In my other amendments, I hold back from suggesting criteria and simply try to prescribe that the Minister would set out criteria. In amendment No. 19 and more specifically in the consequential amendment No. 25, I am simply stating that the Minister should set out the criteria of affordability in regulations, lay them and agree them before the Houses of the Oireachtas, and review them from time to time. Perhaps they will need to be amended and the Minister should then take those proposed amendments before the Houses of the Oireachtas. That is simply trying to include clear criteria that would allow us to respond to what we know about how the scheme is working out. We must ask whether it is working and reaching those we need to reach. The Houses of the Oireachtas would, alongside the Minister, have a role in that regard.

Amendment No. 20, as I have said, is similar but sets the median income as one of those criteria.

Amendment No. 21 is associated with amendment No. 24. Amendment No. 21 is important. It relates to the discussion that the Minister of State has been hearing about the level of knowledge and local knowledge that exists in local authorities, housing authorities and their elected members. Those people have knowledge of their areas and communities and how they are being sustained or not being sustained. It simply says that notwithstanding any national regulations which may be set out, referring to the regulations I have asked the Minister of State to bring before us, a housing authority might specify additional criteria for the determination of affordability before entering into a specific agreement. That again ties it back to amendment No. 24 which requires that a dwelling be affordable to specific and eligible applicants who are nominated.

The Bill should not legislate for affordable housing in a general sense relating to the market, meaning simply that somebody could afford a house at a certain price. It should cater for the kinds of people who local authorities know are in their communities, people who want to buy houses, need access to affordable housing and want to remain, in many cases, part of the communities their families have been a part of for decades, or who want to be near their workplaces, or who represent large cohorts of a population within an area. There might be a local factory employing 200 local workers. There might be a hospital and the Government might want to ensure all of the nurses who work there can access housing in the area. Those are all realities. This is where I would suggest that housing authorities should be able to add criteria to any particular Part 5 agreements they make.
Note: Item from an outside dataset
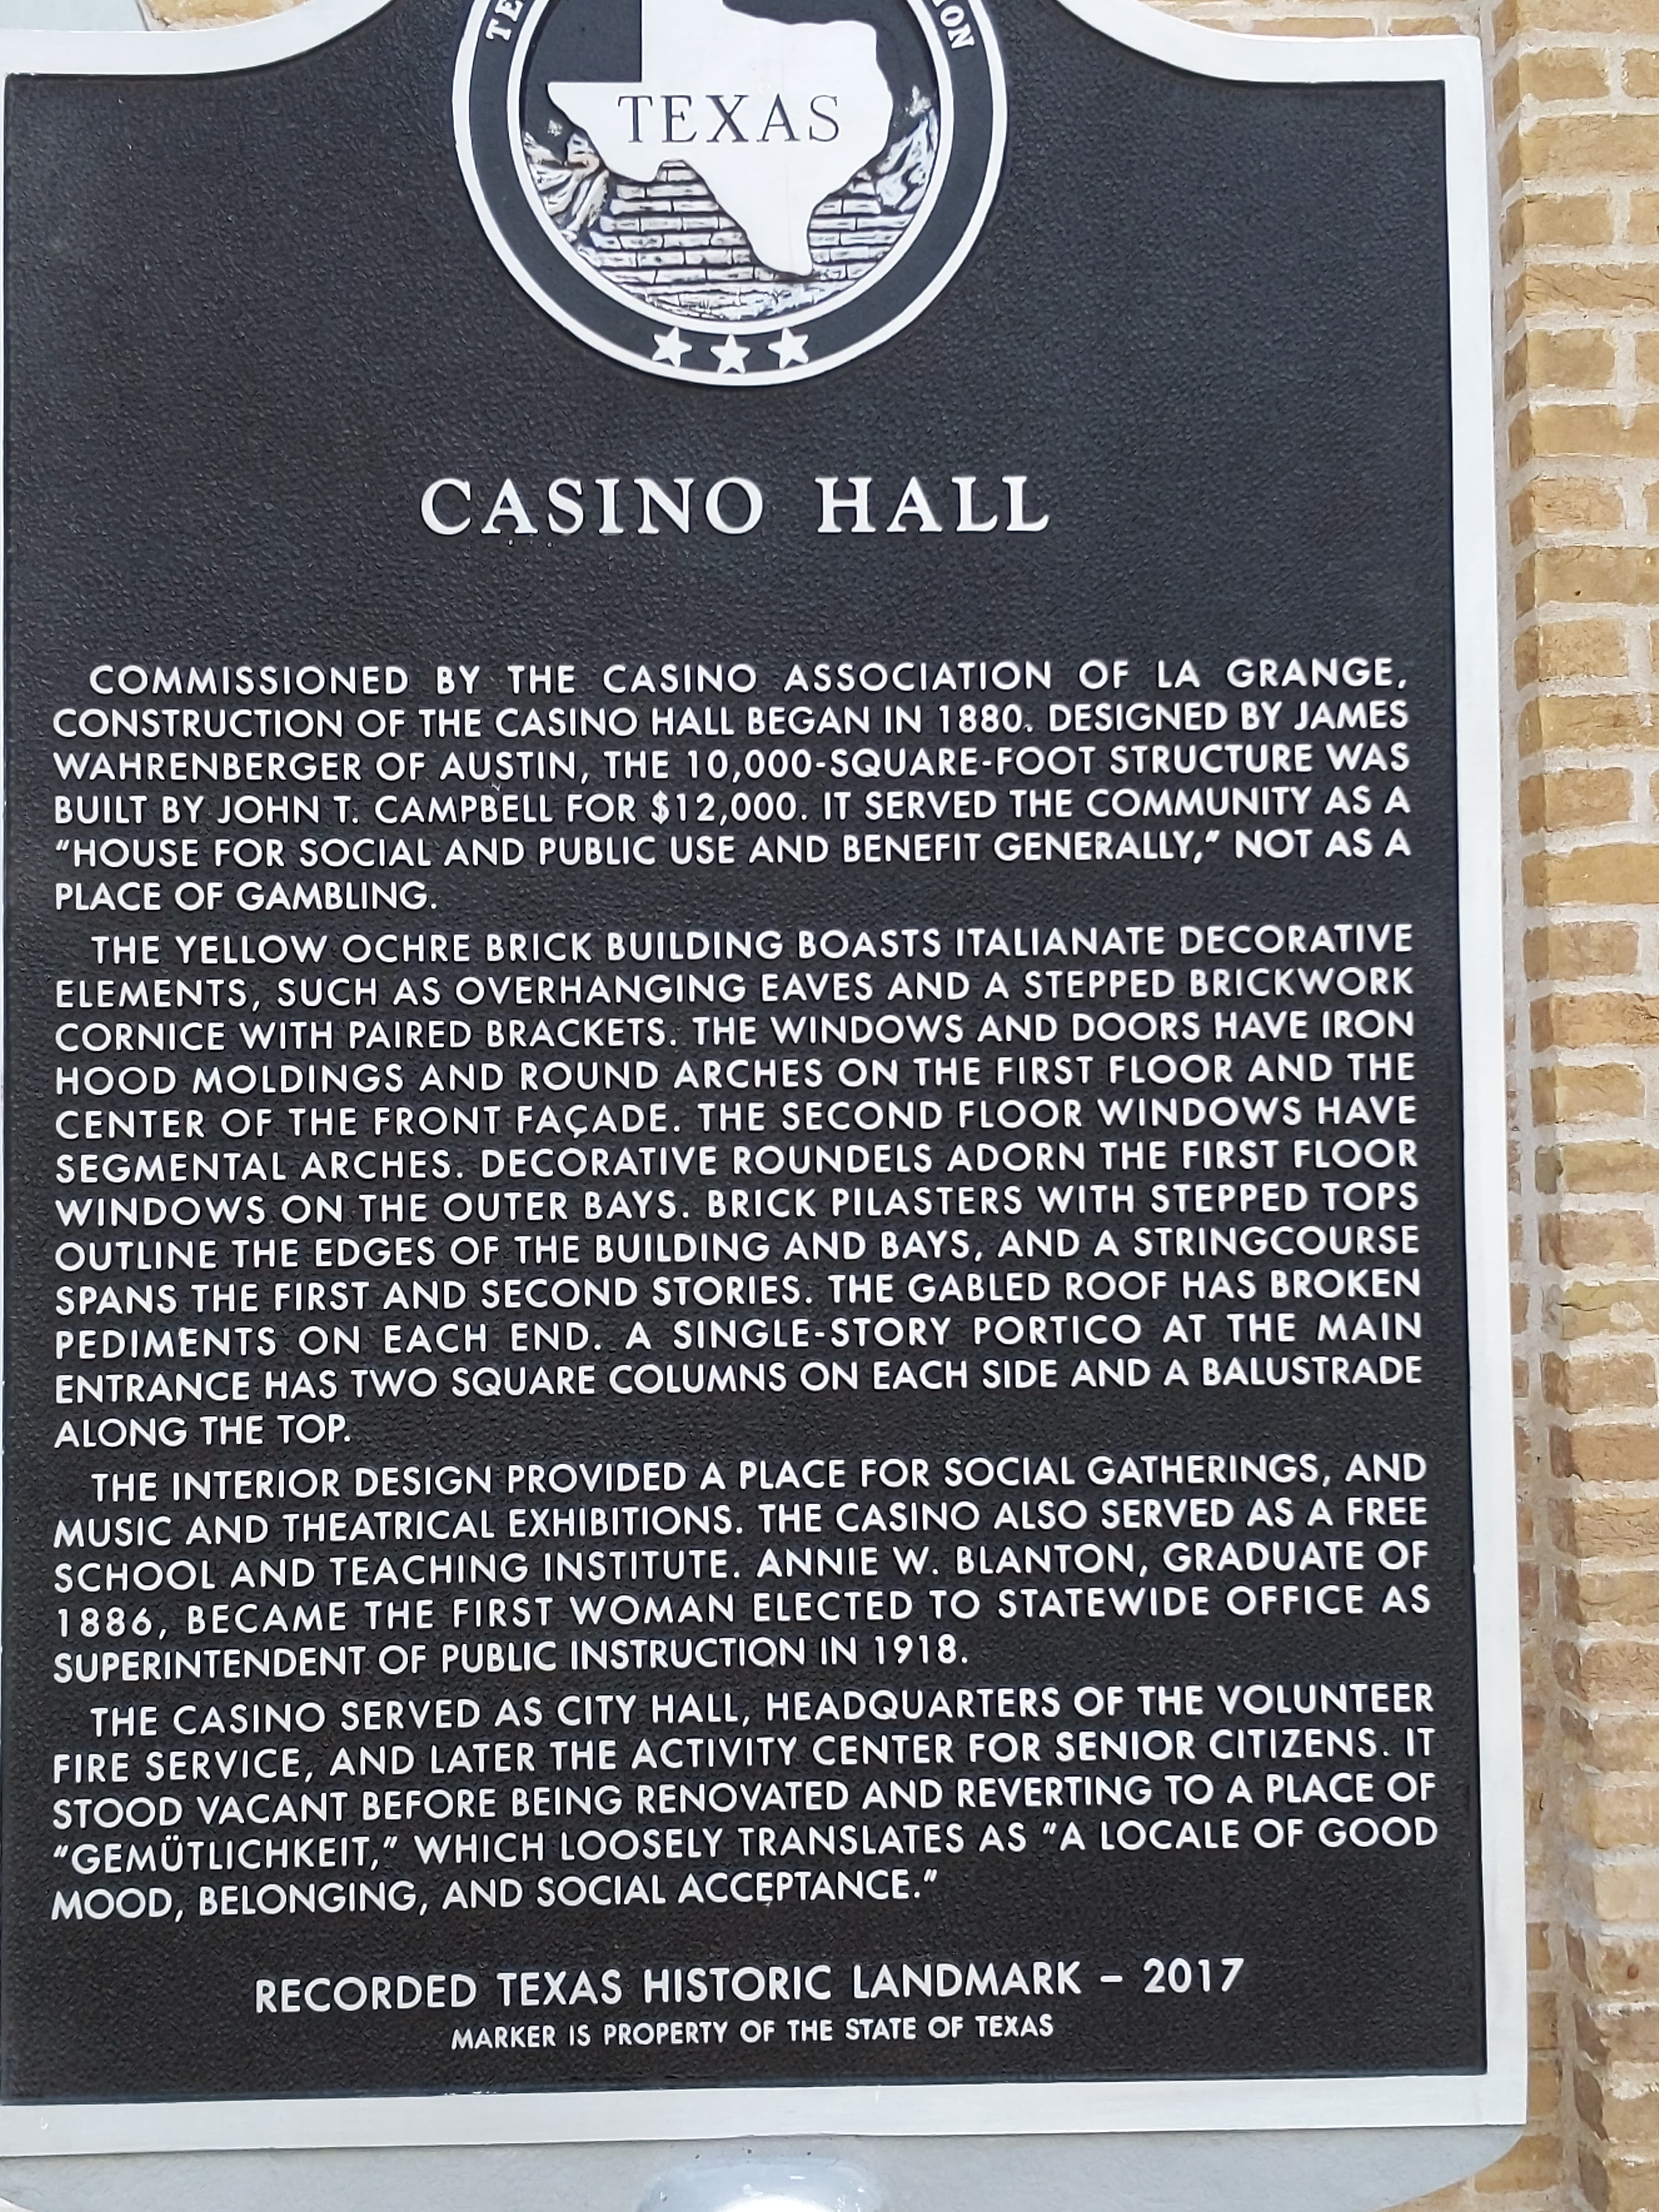 Historic marker for the Historic Casino Hall

We do not want "affordable" defined grandly as a percentage below market value. We want housing to be affordable for a specific cohort of our constituency. This amendment would enable local authorities to add criteria before they enter a public private partnership, public initiative or local authority direct build which, as the Minister of State has probably heard, is my preferred option in many cases. I hope the Minister might consider these amendments. I believe they are constructive. They address one of the core gaps in the Bill, which is around the definition of affordability and people being able to see that this is going to work in the places they live.

I have spoken to amendment No. 25 already, and I believe I have covered the full set. This is about the criteria of affordability set out by the Minister or the relevant housing authority. I am seeing two layers. To be specific, I am not suggesting the housing authorities regulation of criteria would replace the Minister's criteria, but these might be additional criteria. If, for example, there was to be an affordable housing development, 20% of it could relate to a particular income quintile. That would be an example of a criteria for a local authority. If, for example, a huge cohort of people are working in an area, the 500 people working in that particular factory would be able to afford the housing in that area. This is an example of some criteria a local authority may add on top of the baseline criteria the Minister might set.